● **WORK INSTRUCTIONS**: Copy out the data below as written; omit any images.

Start of DATASET EXTRACT

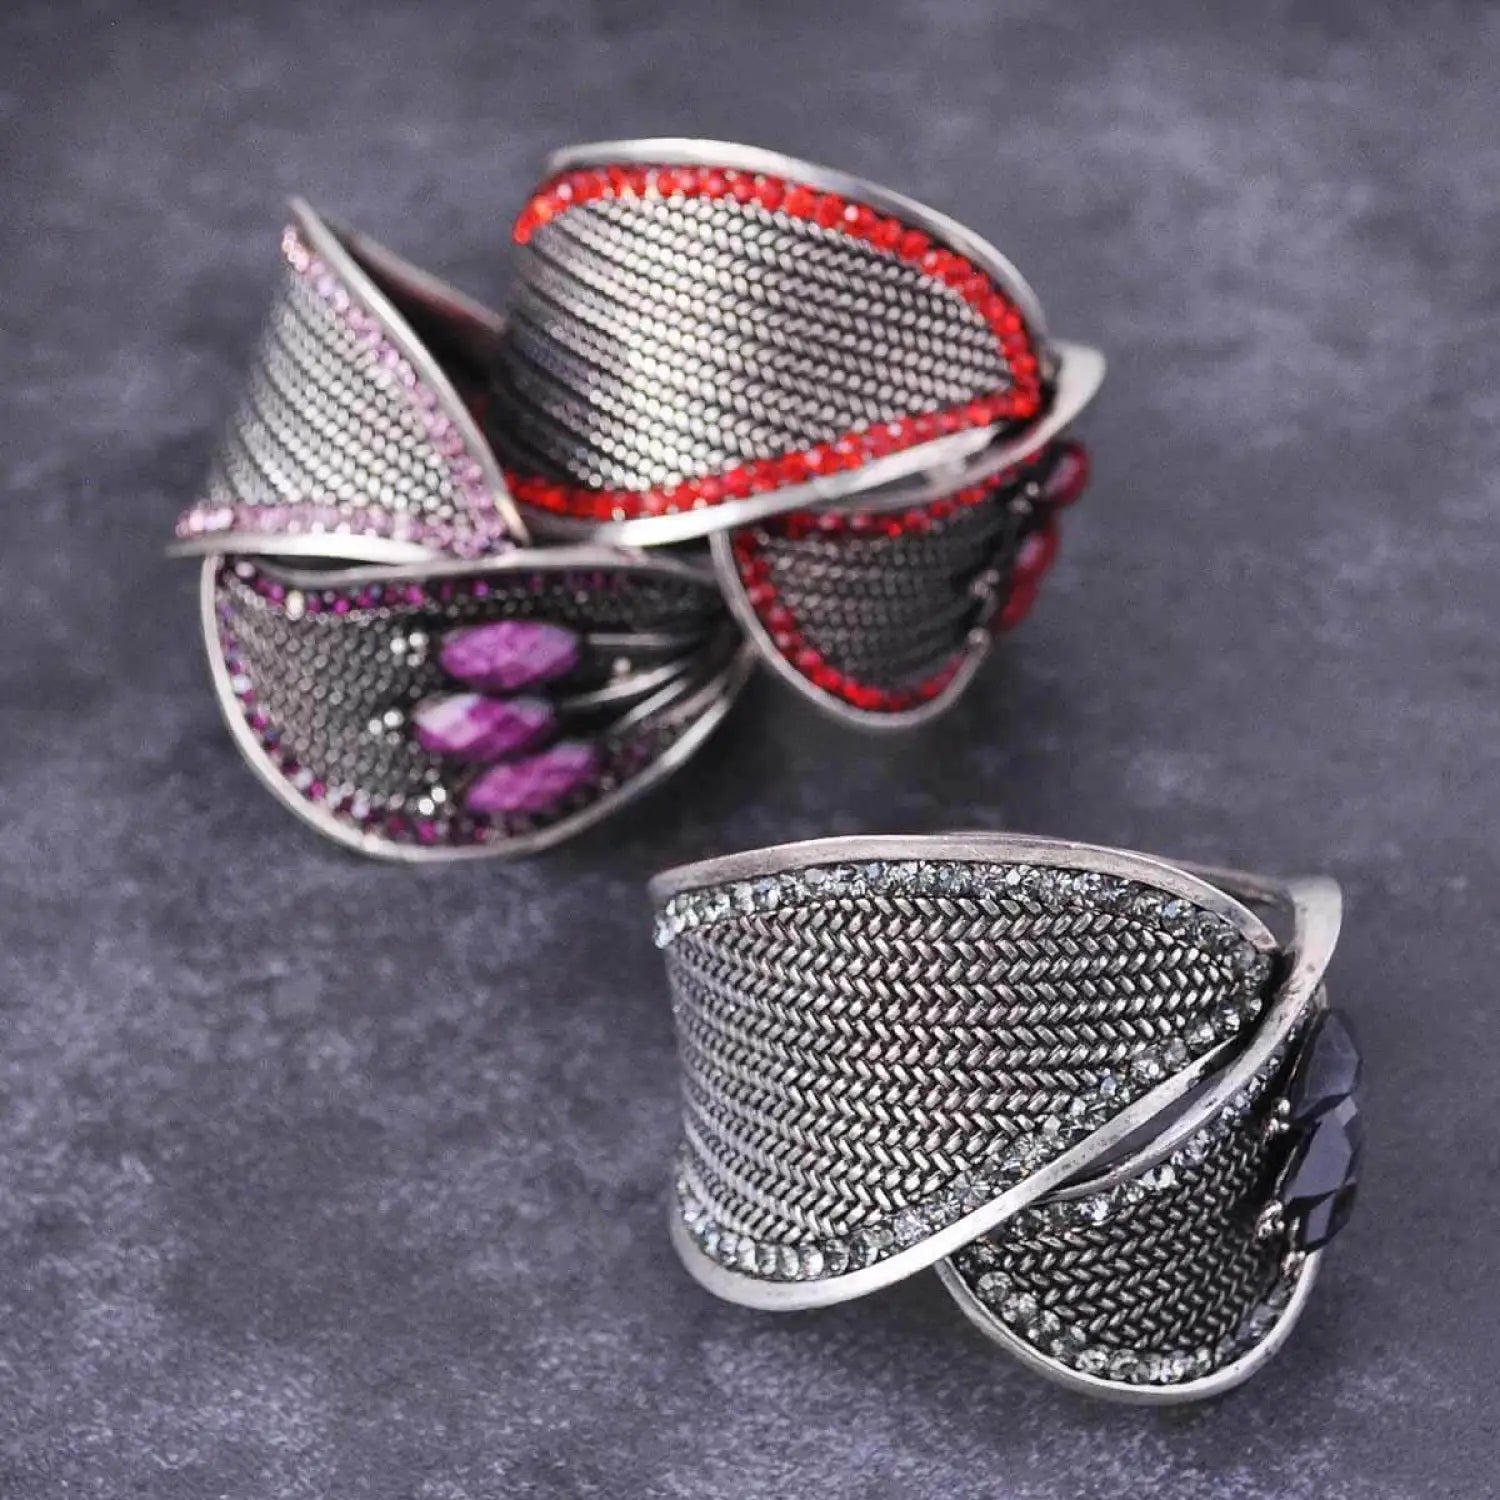 Silver bangle bracelet with pink and red stone rings
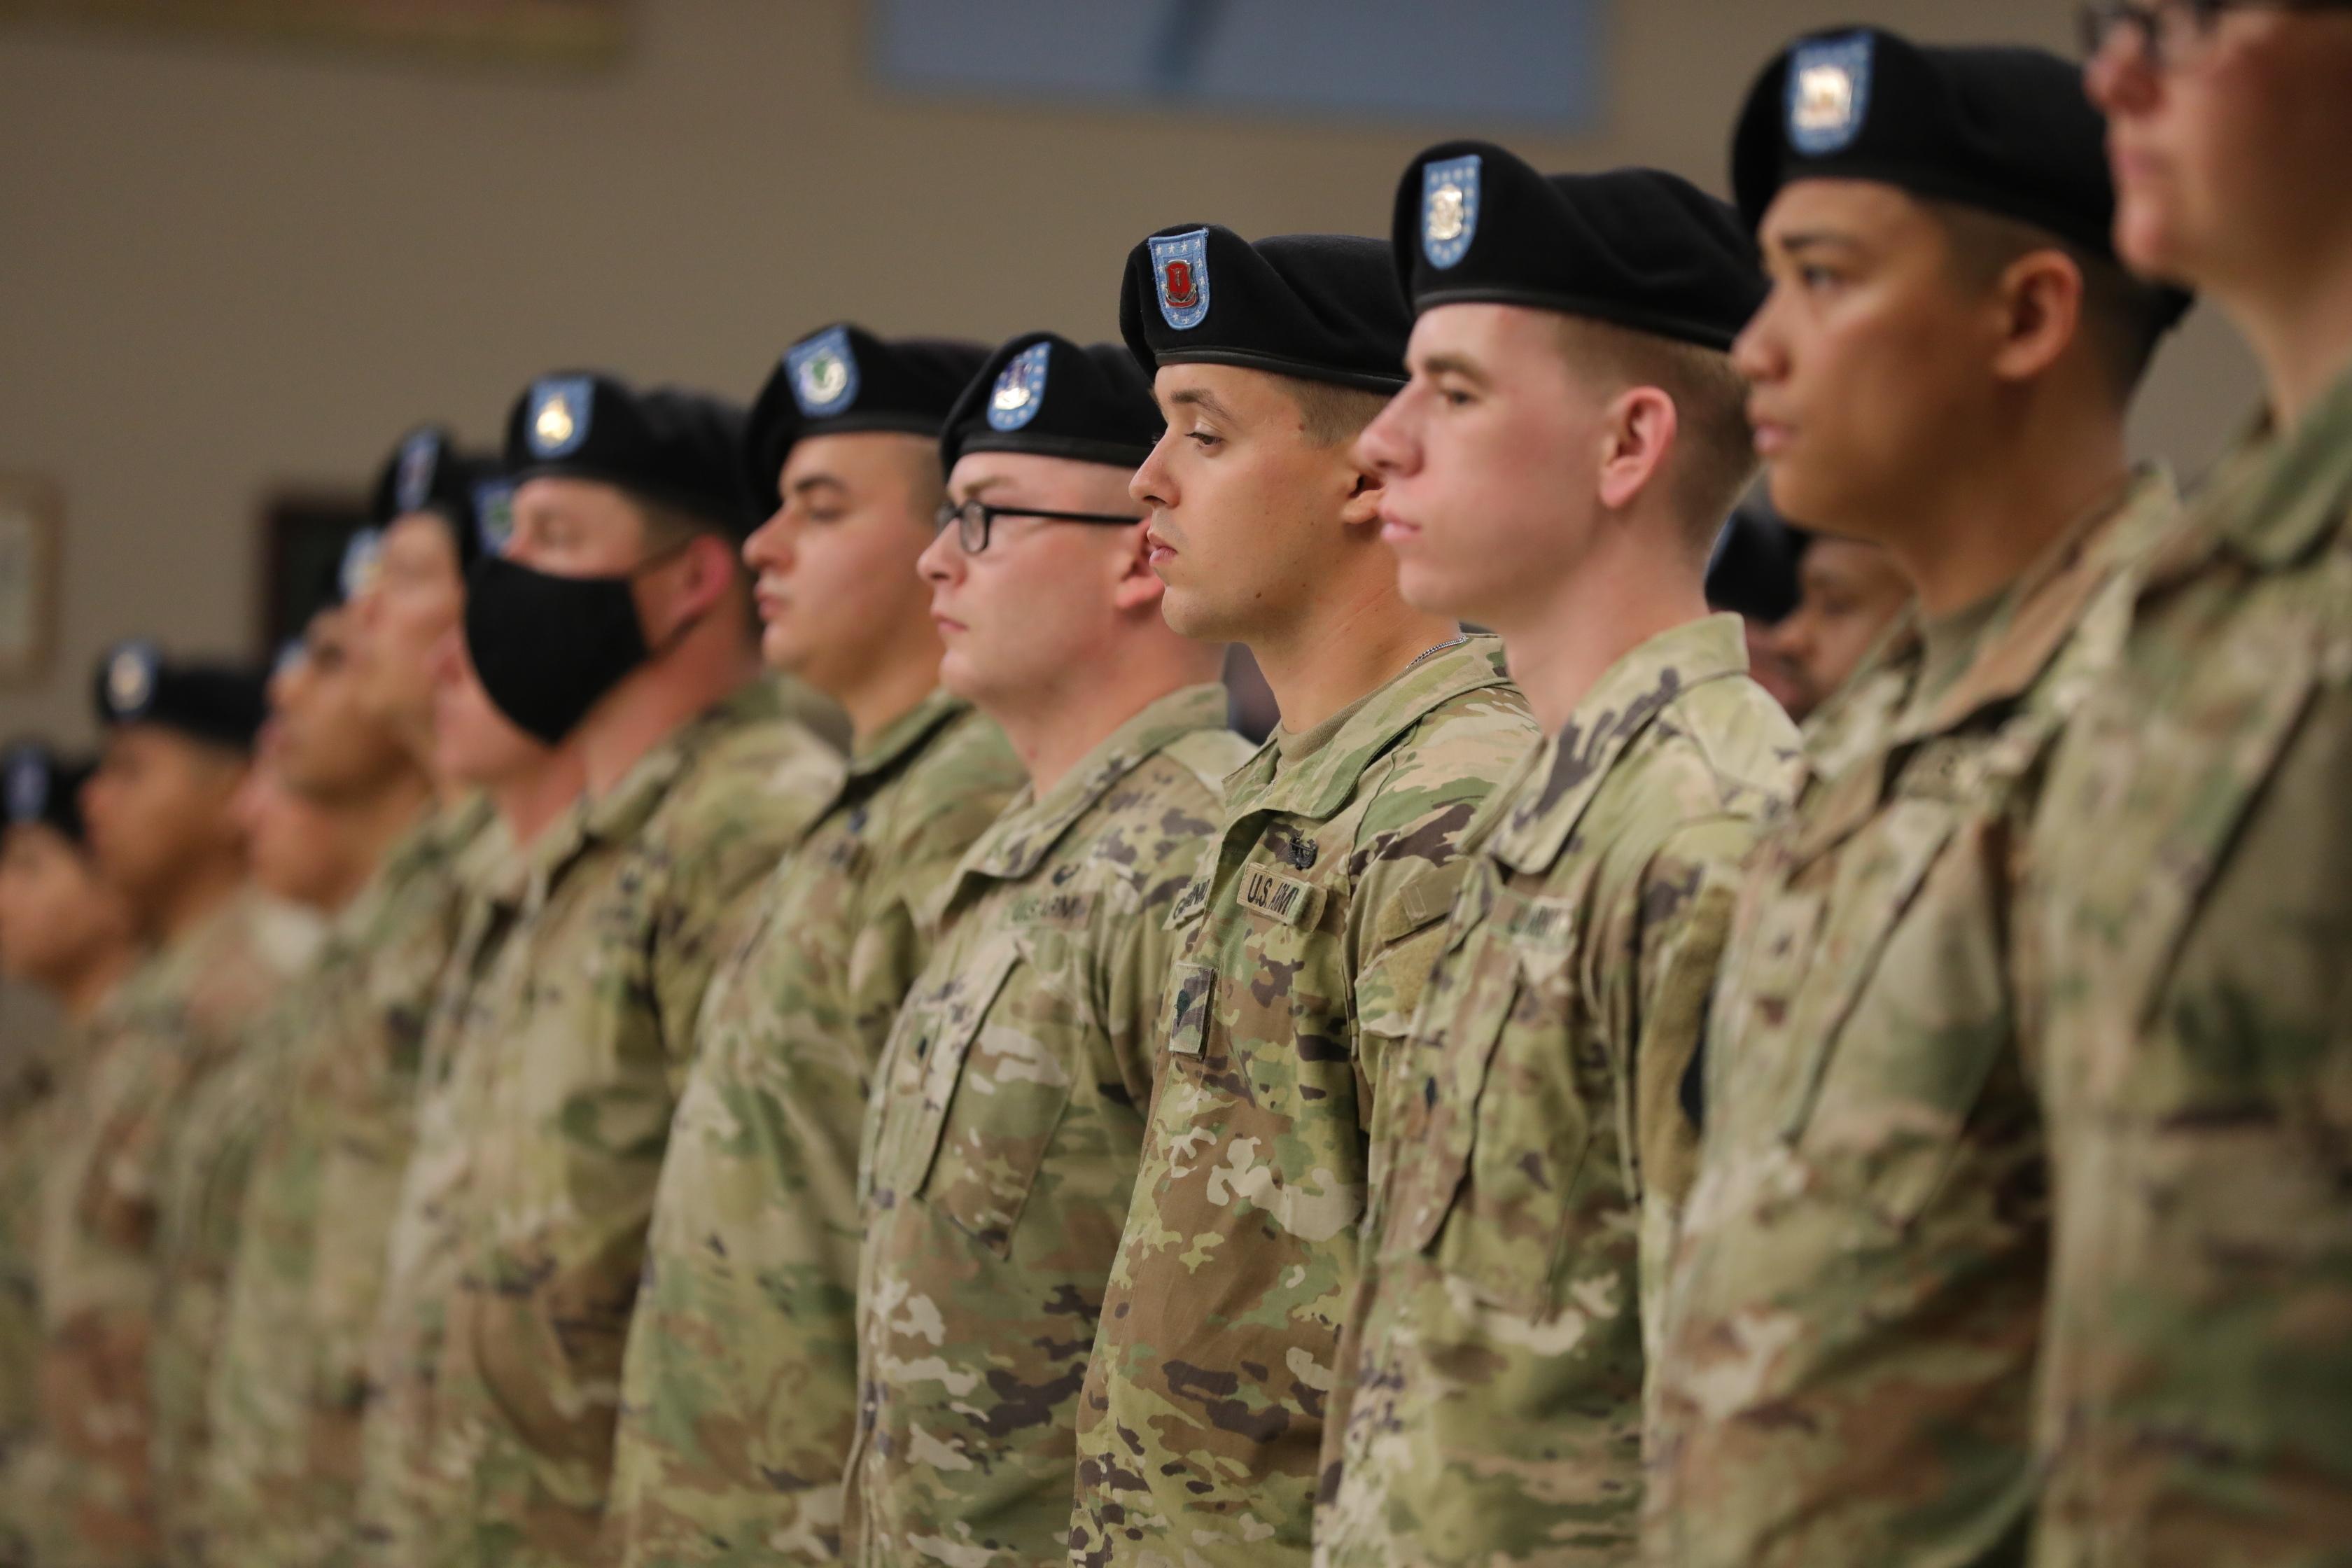 The 101st Airborne Division (Air Assault) and U.S. Army Fort Campbell re-enlists 124 soldiers to continue to serve our country. Stay tuned for more event coverage this week! (Photos by SPC Harris, 101st Division Public Affairs Office)
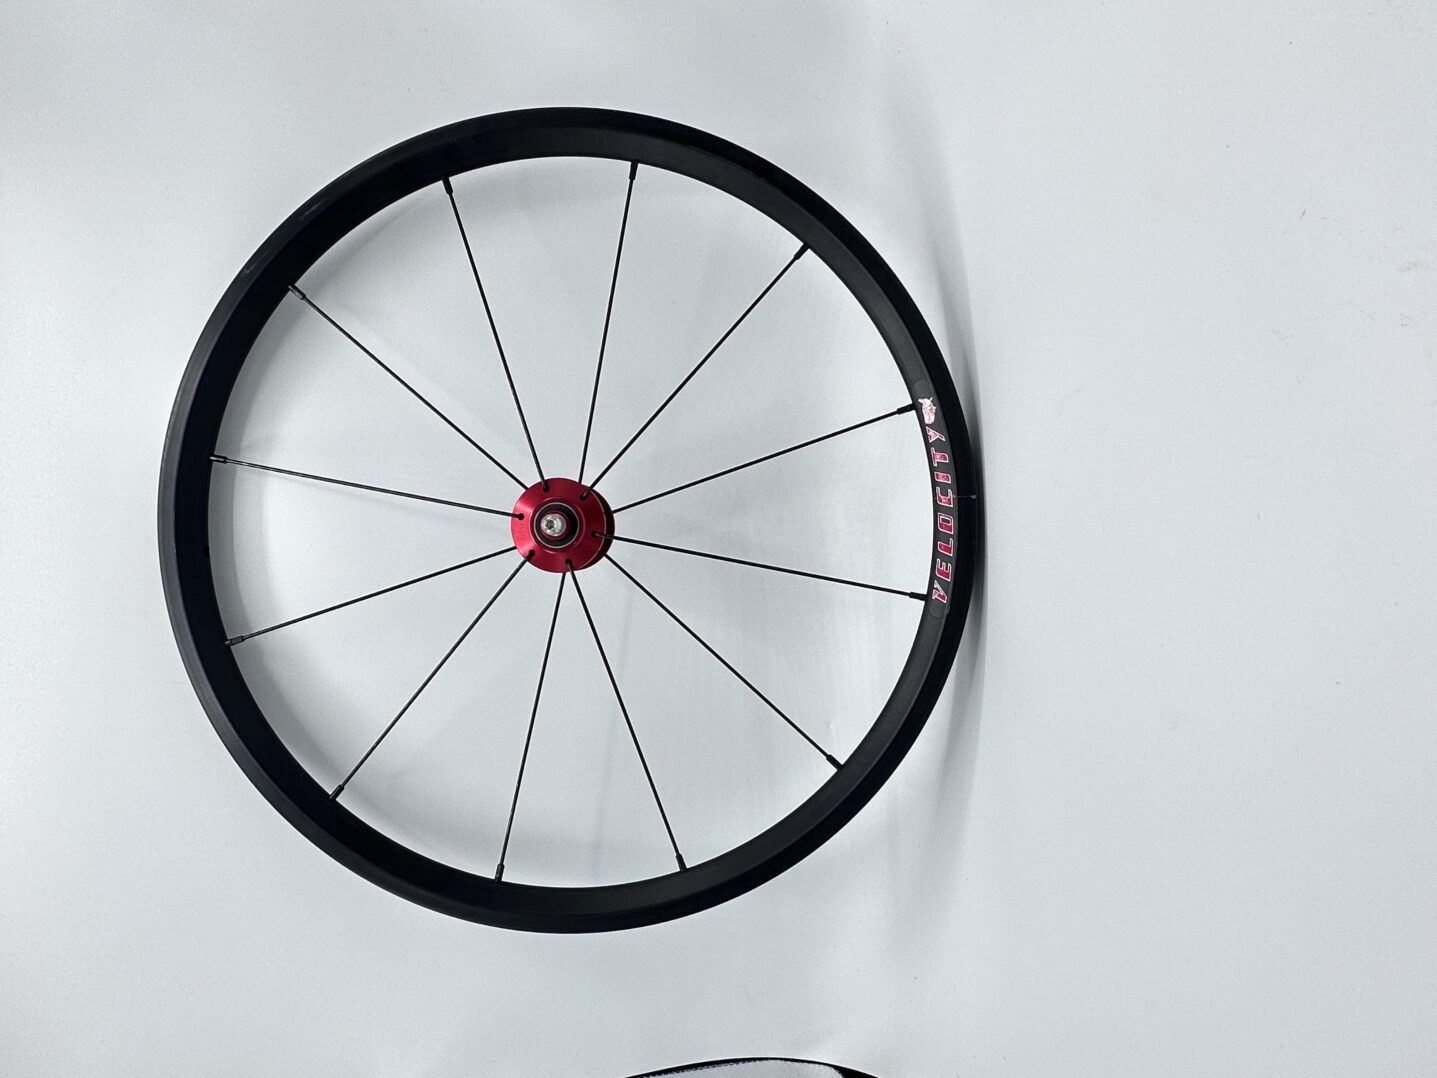 A RW-Carbonbike 20" racing chair wheel with a red spoke and a black spoke.

End of DATASET EXTRACT

● **RESPONSE TO THE EXERCISE**:
 Silver bangle bracelet with pink and red stone rings
 The 101st Airborne Division (Air Assault) and U.S. Army Fort Campbell re-enlists 124 soldiers to continue to serve our country. Stay tuned for more event coverage this week! (Photos by SPC Harris, 101st Division Public Affairs Office)
 A RW-Carbonbike 20" racing chair wheel with a red spoke and a black spoke.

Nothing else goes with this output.